Acta Obstet Ginecol Port vol.16 no.2 Algés jun. 2022  Epub 30-Jun-2022

 

Editorial

Perda Gestacional Recorrente: Um longo caminho a percorrer

Recurrent Miscarriage: Still a long way to go

1. Assistente Hospitalar Sénior, Departamento de Medicina Materno-Fetal do Centro Hospitalar Universitário de Lisboa Central; Portugal.

2. Professora Auxiliar Convidada, Comprehensive Health Research Centre (CHRC), NOVA Medical School | Faculdade de Ciências Médicas da Universidade Nova de Lisboa; Portugal.


Poucas são as situações em obstetrícia em que o princípio da “não-maleficência” se aplica de forma tão inequívoca como a perda gestacional recorrente (PGR), exigindo uma reflexão crítica sobre a conduta clínica existente.

A PGR atinge 1 em cada 50 casais em idade fértil e é para a maior parte deles um acontecimento extremamente traumático e com grande impacto na sua qualidade de vida. Embora seja uma entidade extensamente reconhecida na literatura médica, a PGR continua envolta em aspetos controversos. Clínicos e Sociedades Científicas dividem-se ainda quanto à sua definição e às circunstâncias que devem determinar o início de uma investigação. Enquanto o Royal College of Obstetricians and Gynaecologists (RCOG) considera critérios para iniciar uma investigação a existência de pelo menos 3 perdas consecutivas, já a American Society for Reproductive Medicine (ASRM) recomenda um estudo etiológico após duas perdas clínicas consecutivas e a European Society for Human Reproduction and Embryology (ESHRE) depois de duas perdas gestacionais, consecutivas ou não1,2,3. A decisão deve ser individualizada, partilhada com o casal e deve ter em conta os recursos existentes.

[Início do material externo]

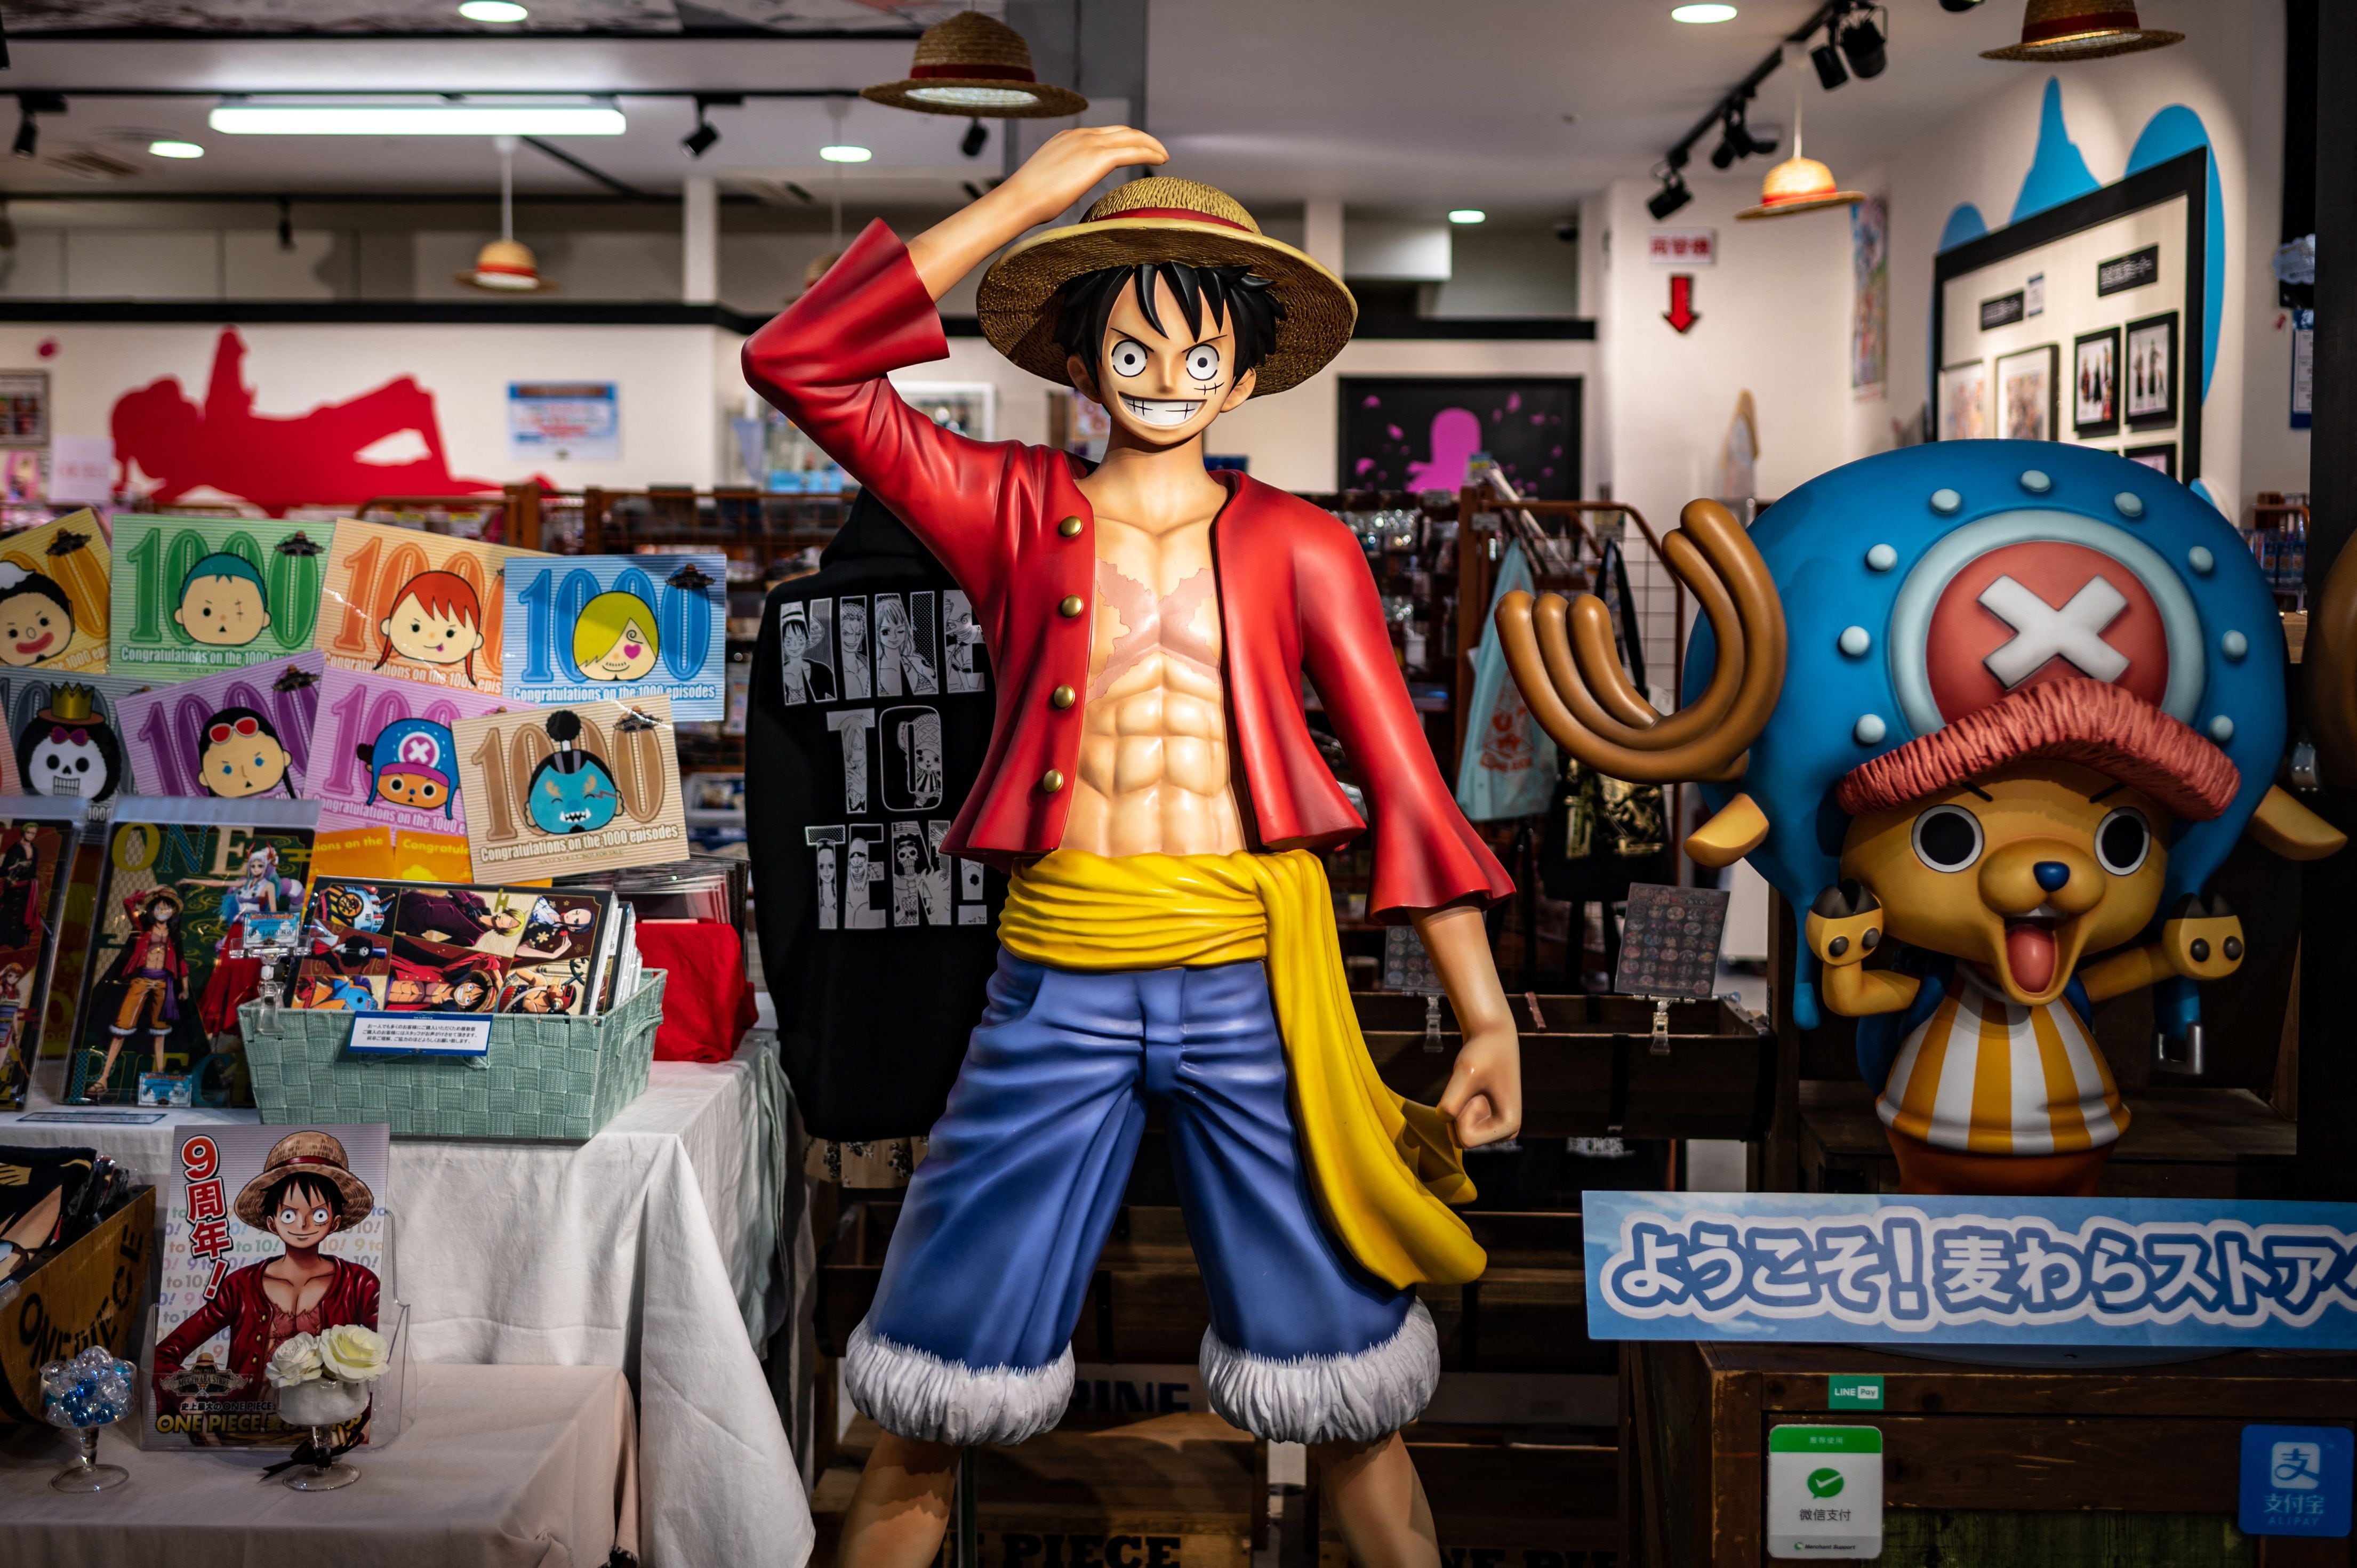 Quantos episódios tem One Piece?

A identificação de fatores médicos associados é importante pois permite desenvolver estratégias de vigilância e terapêutica numa gravidez subsequente. Contudo, o caráter heterogéneo da perda gestacional, a caracterização inadequada das doentes e das perdas, assim como diferentes metodologias utilizadas no seu estudo, têm resultado em estudos epidemiológicos de fraca qualidade e dificultado a sua compreensão. As investigações e os tratamentos com evidência científica comprovada são escassos e a PGR continua uma questão frustrante quer para os casais, quer para os clínicos, permanecendo muitos casos sem uma causa identificada4.

É comum, os casais recorrerem a diversos clínicos, em busca de uma explicação e na esperança de uma solução. Na tentativa de responder às suas expectativas, os clínicos optam com frequência por uma multiplicidade de investigações, algumas das quais onerosas e não validadas e, muitas mulheres aderem a terapêuticas ineficazes, desnecessárias e eventualmente prejudiciais.

Com o objetivo de melhorar a qualidade da assistência a estas situações e reduzir a variabilidade da prática clínica nacional, é publicada neste número da ACTA a norma de orientação clínica da SPOMMF para a PGR. Coordenada por Monteiro et al., resulta de um trabalho de reflexão sobre a evidência clínica mais atual5. Este documento chama a atenção sobre a importância do aconselhamento reprodutivo destes casais com enfoque na promoção de estilos de vida saudáveis. Reforça a importância da realização do estudo genético do produto de conceção a partir da segunda perda gestacional, cujo resultado permitirá orientar estudos adicionais. Recomenda também a suplementação com progesterona em casos de PGR inexplicada, particularmente nas situações que cursam com hemorragia do 1.º trimestre.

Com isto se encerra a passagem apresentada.